Marijuana reform proponents in Alabama enjoyed a second victory within a week as a state Senate committee voted in favor of legalizing medical cannabis.

The Senate Judiciary Committee approved the legislation in a 6-2 vote on Wednesday, April 24, with three abstentions. The bill, which now heads to the full Senate, follows a marijuana decriminalization measure unanimously approved by the same committee a week earlier.

Under the new law, qualifying patients over 19 years old, who suffer from one of 33 listed conditions, including addiction, epilepsy, chronic pain, cancer and depression, would be able to obtain medical marijuana from licensed dispensaries.

“We’re encouraged to see a compassionate medical cannabis bill advancing in Alabama,” said Karen O’Keefe, director of state policies at the Marijuana Policy Project. “Passing medical cannabis laws should be a no-brainer for elected officials.”

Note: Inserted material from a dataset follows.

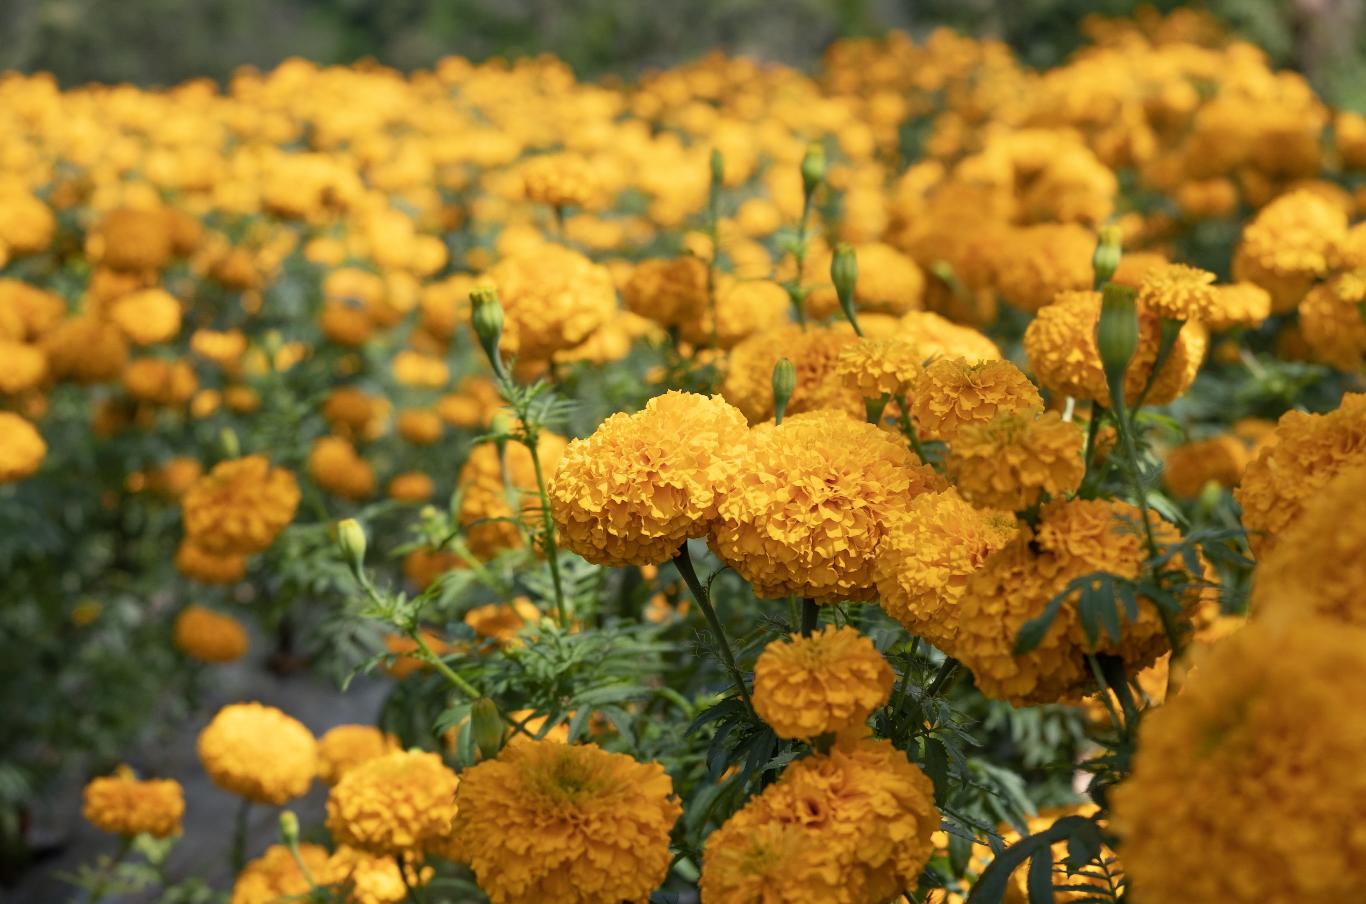 Marigold field near Negara

“We’ve had 20 plus years to see that the laws alleviate suffering and are not causing problems. And there is perhaps no political issue that enjoys such strong popular support,” she added.

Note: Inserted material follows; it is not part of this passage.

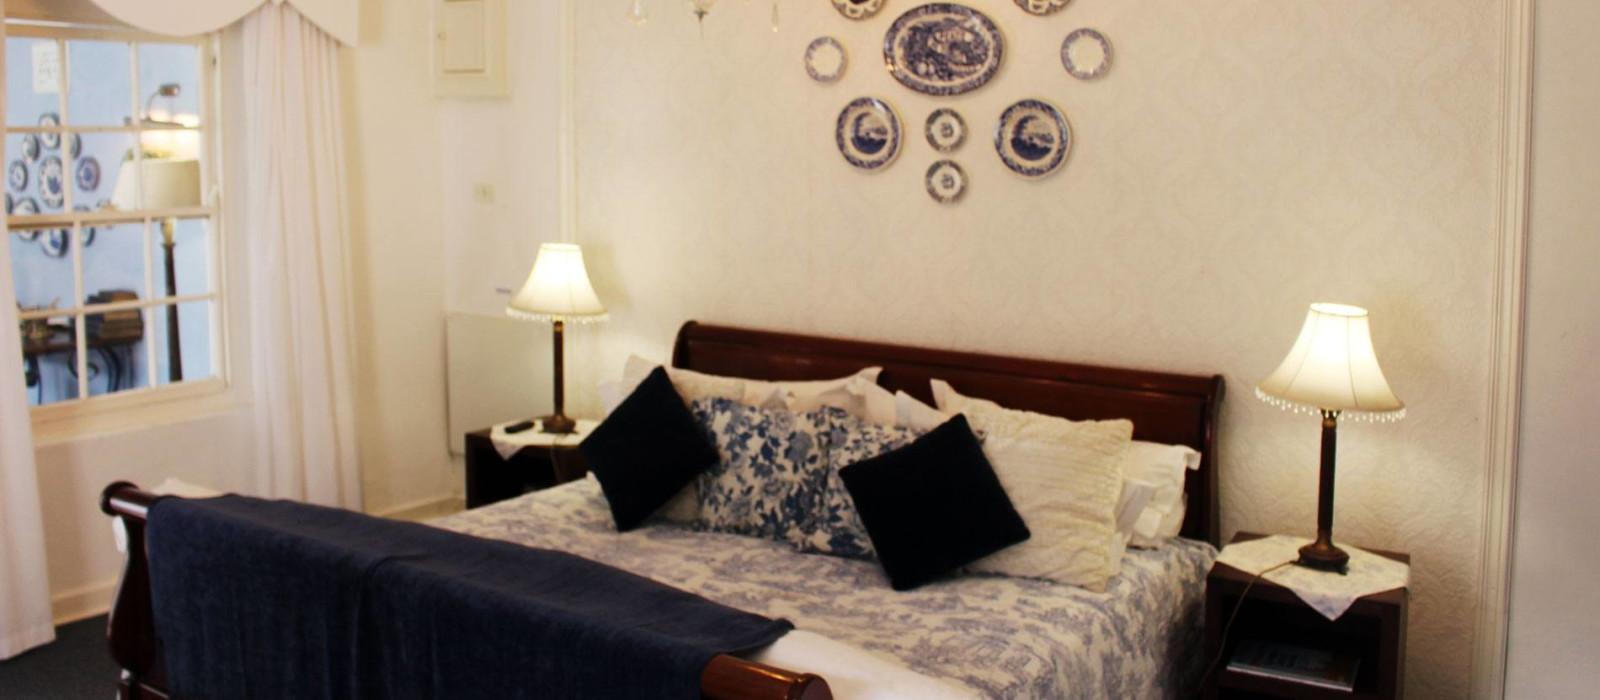 Hotel Cleopatra Mountain Farmhouse South Africa

Supporters as well as opponents of the proposed legislation, representing medical professionals, advocacy groups and law enforcement gave their testimonies before the committee prior to the vote.

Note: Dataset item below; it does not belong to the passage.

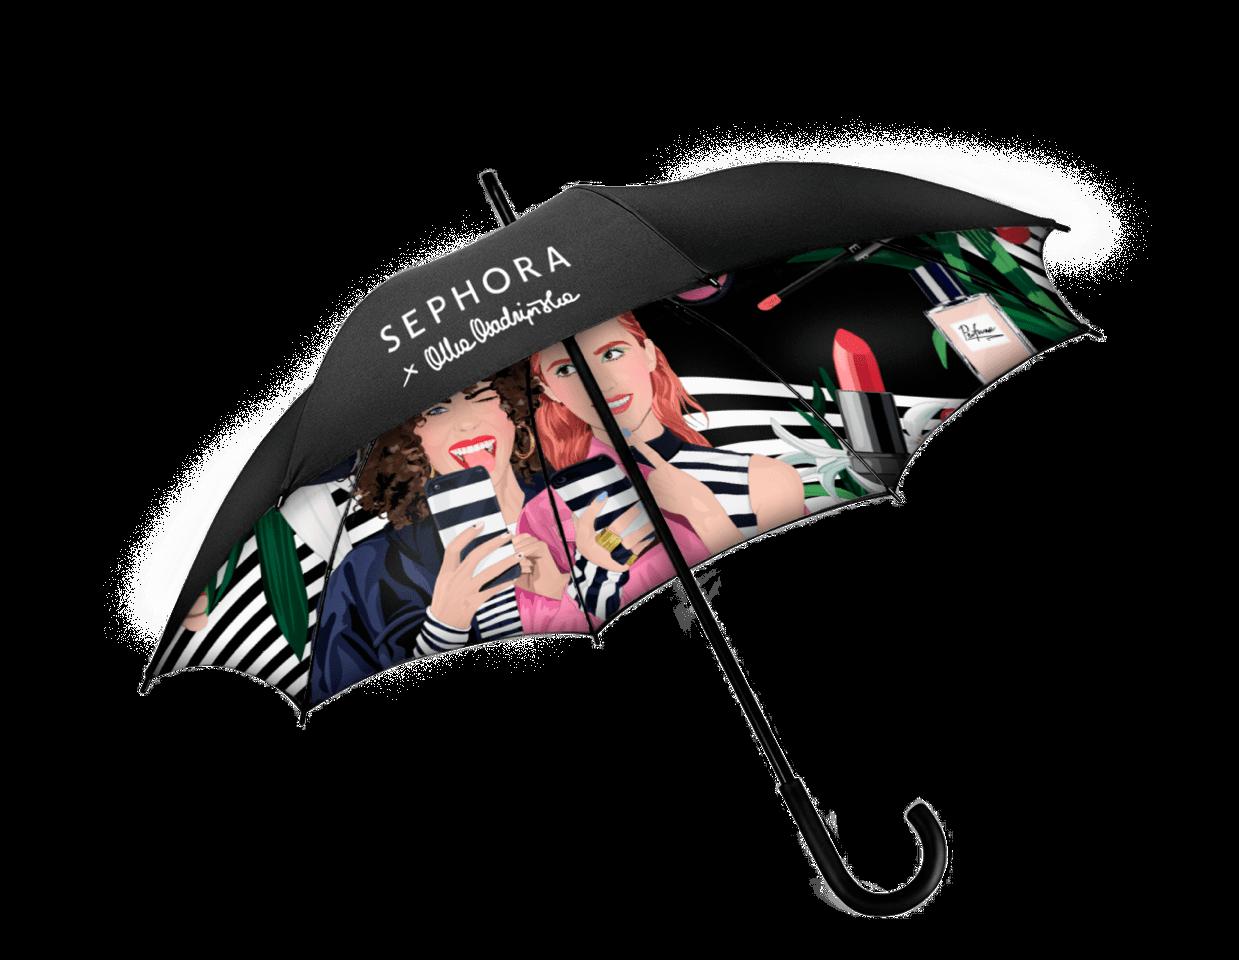 parasolka sephora

“We need to realize tobacco is four times more addictive than cannabis,” Jerzy Szaflaski, a CBD oil researcher, said. “Alcohol is two times more addictive than cannabis. They’re both legalized and regulated.”

The committee also approved an amendment introduced by the bill’s chief sponsor, Sen. Tim Melson (R). It stipulates that patients would need to get a second doctor’s opinion to qualify for medical marijuana. According to the senator, the amendment would stop certain practitioners becoming “go to” providers of cannabis prescriptions.

As marijuana supporters are waiting expectantly for recreational use to be legalized in the northeast states such as New York and New Jersey, it is the southern states that are seeing the most action.

In April, Georgia’s governor signed a bill broadening the state’s medical marijuana program. In the same month, the Texas House voted to decriminalize possession of small amounts of marijuana and legalize industrial hemp. A month earlier, a Kentucky House committee approved medical use legislation.